▶ [RAW DATA]
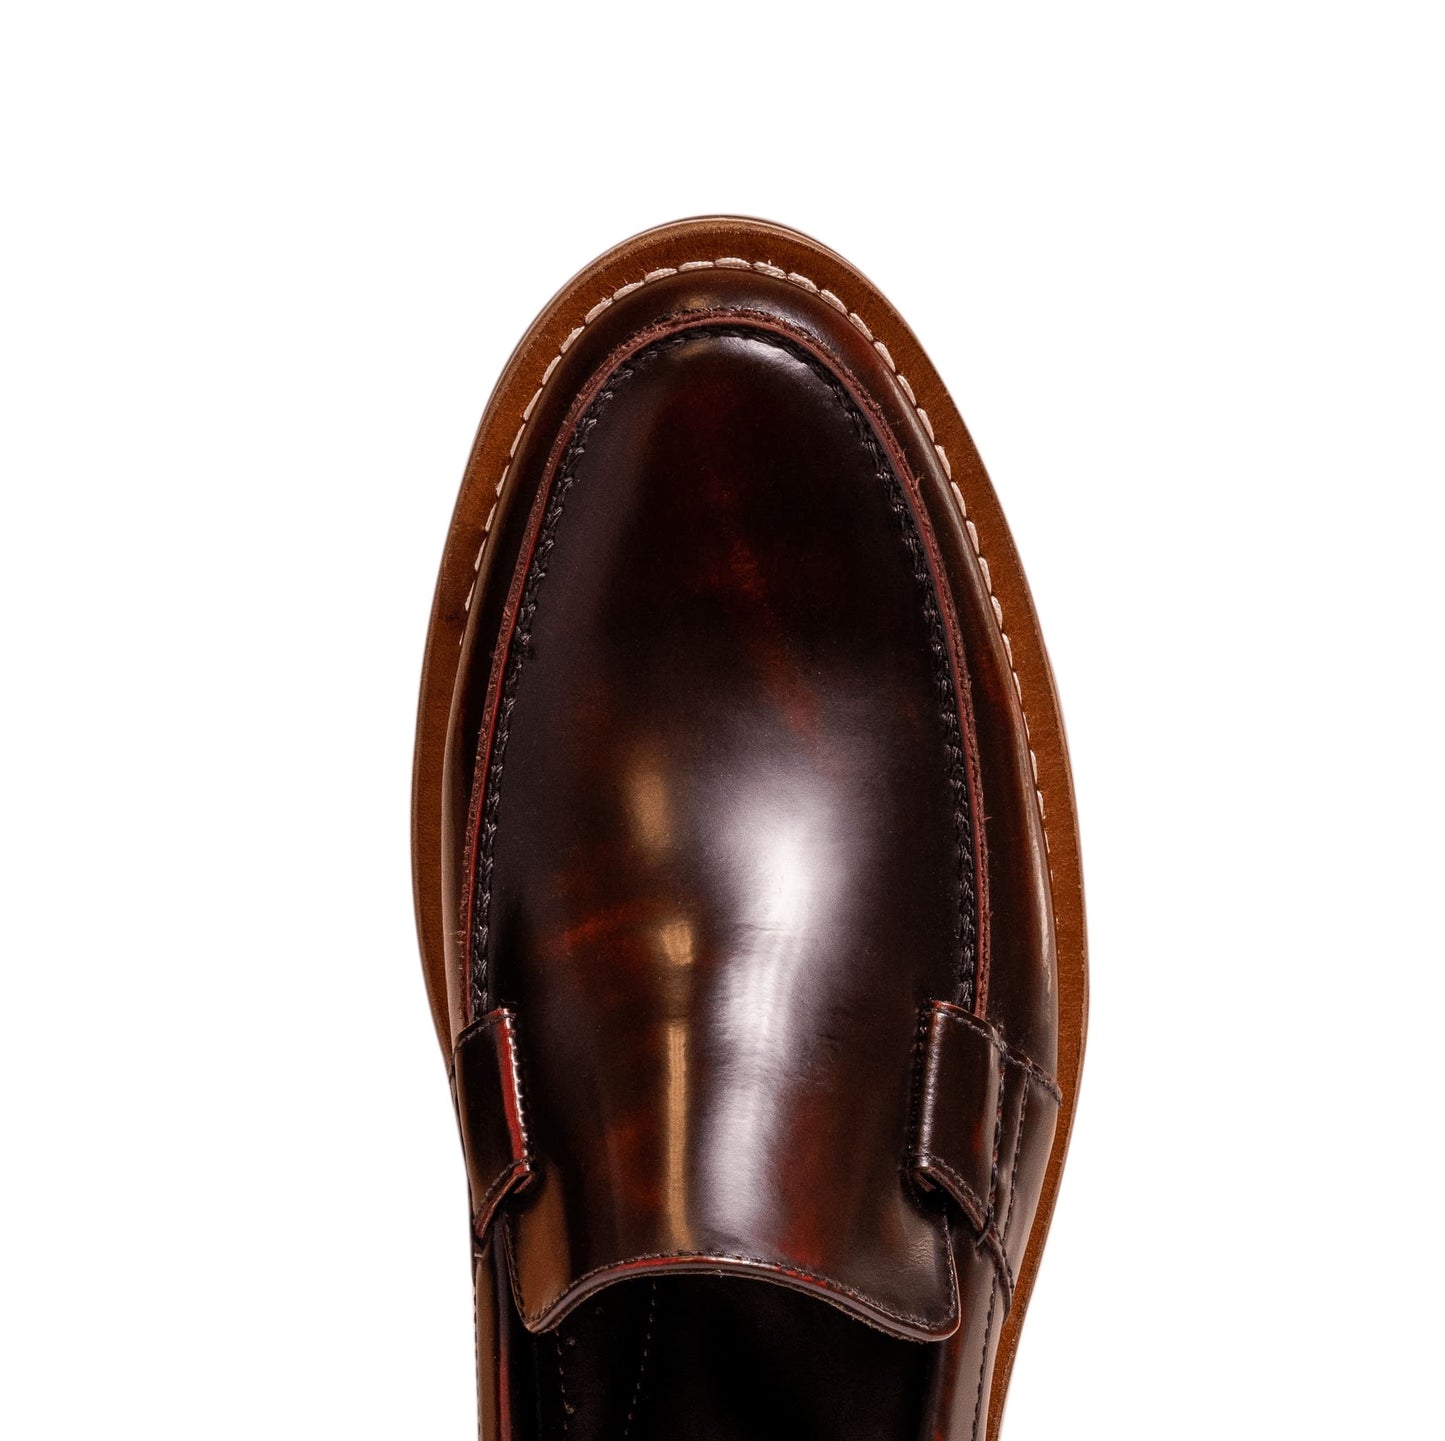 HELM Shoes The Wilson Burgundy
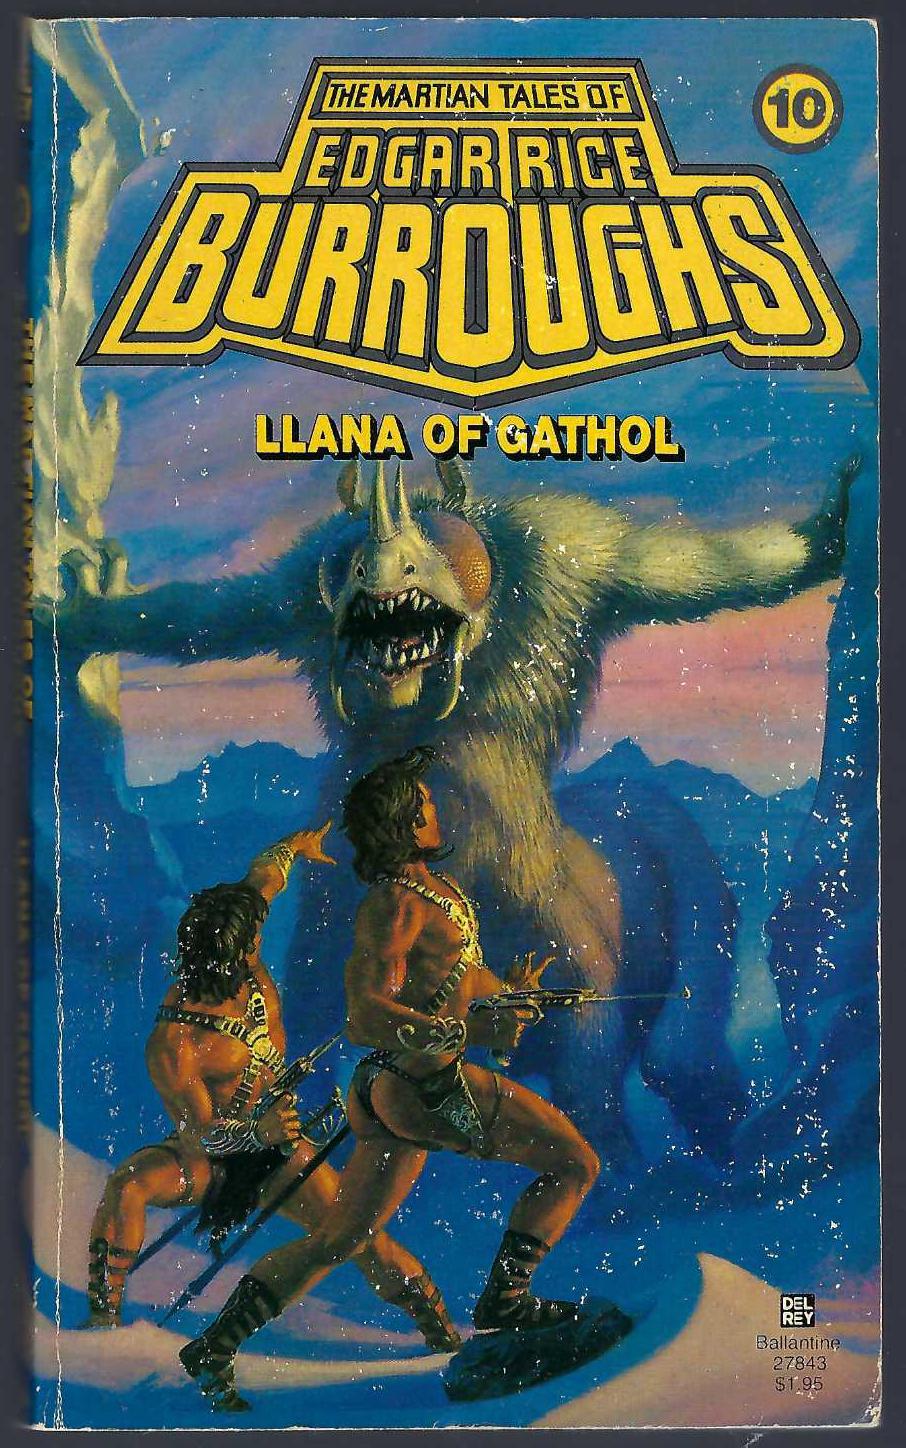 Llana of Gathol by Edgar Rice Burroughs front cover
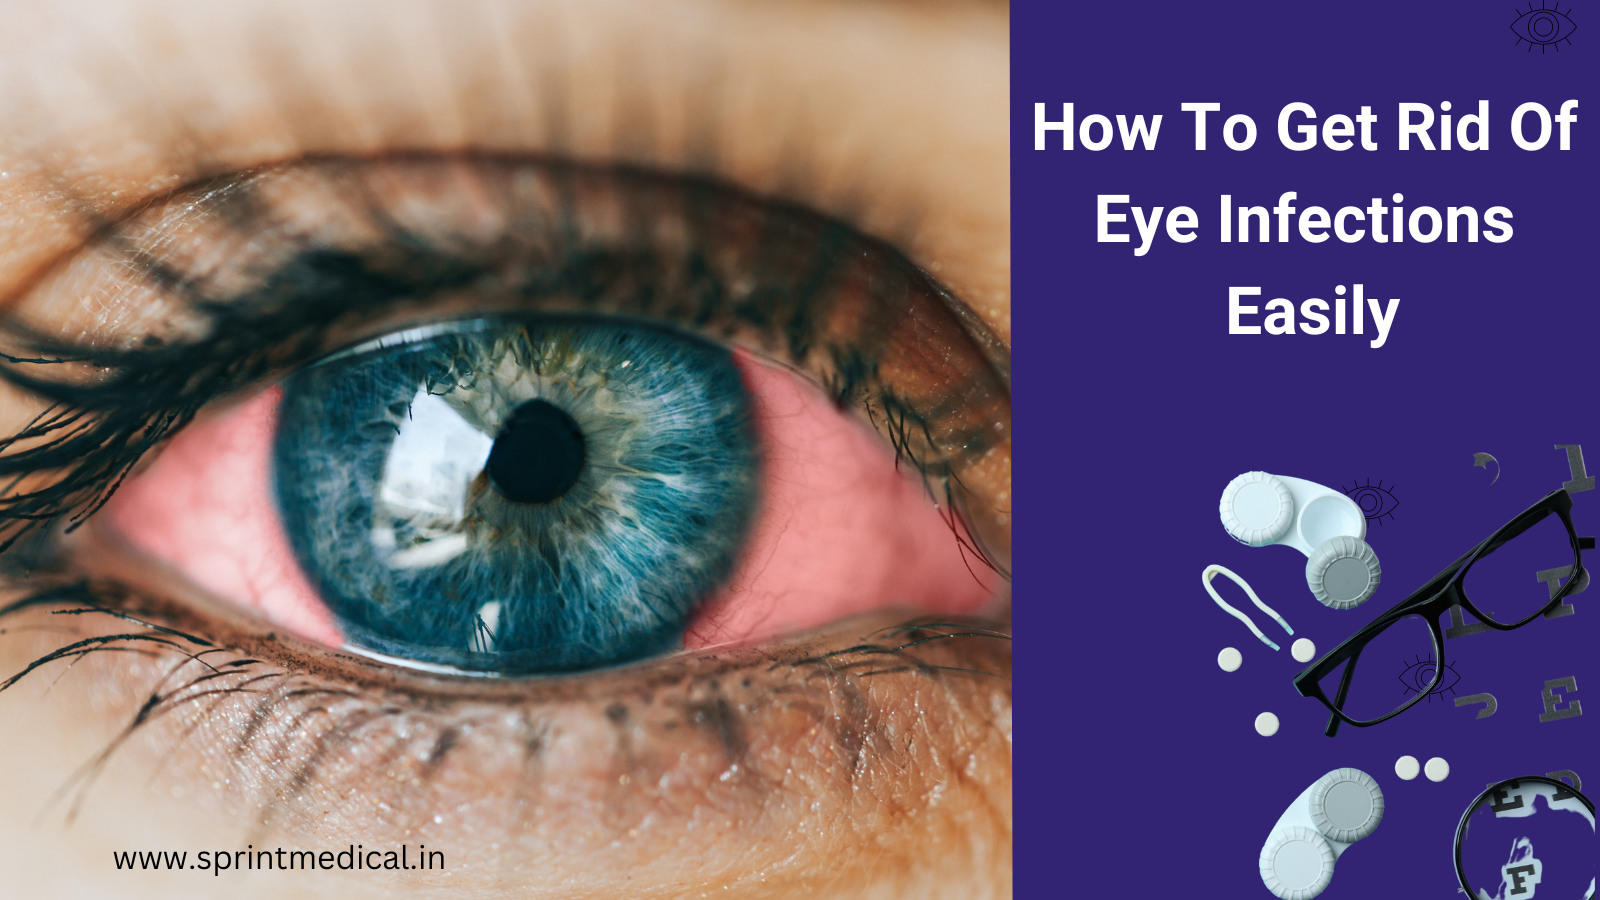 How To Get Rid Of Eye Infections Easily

▶ [TASK INSTRUCTIONS] Take the lines from the one containing "Llana of Gathol" through the last line of the listing and repeat them exactly. Omit the pictures.

▶ [OUTPUT OF THE TASK]
 Llana of Gathol by Edgar Rice Burroughs front cover
 How To Get Rid Of Eye Infections Easily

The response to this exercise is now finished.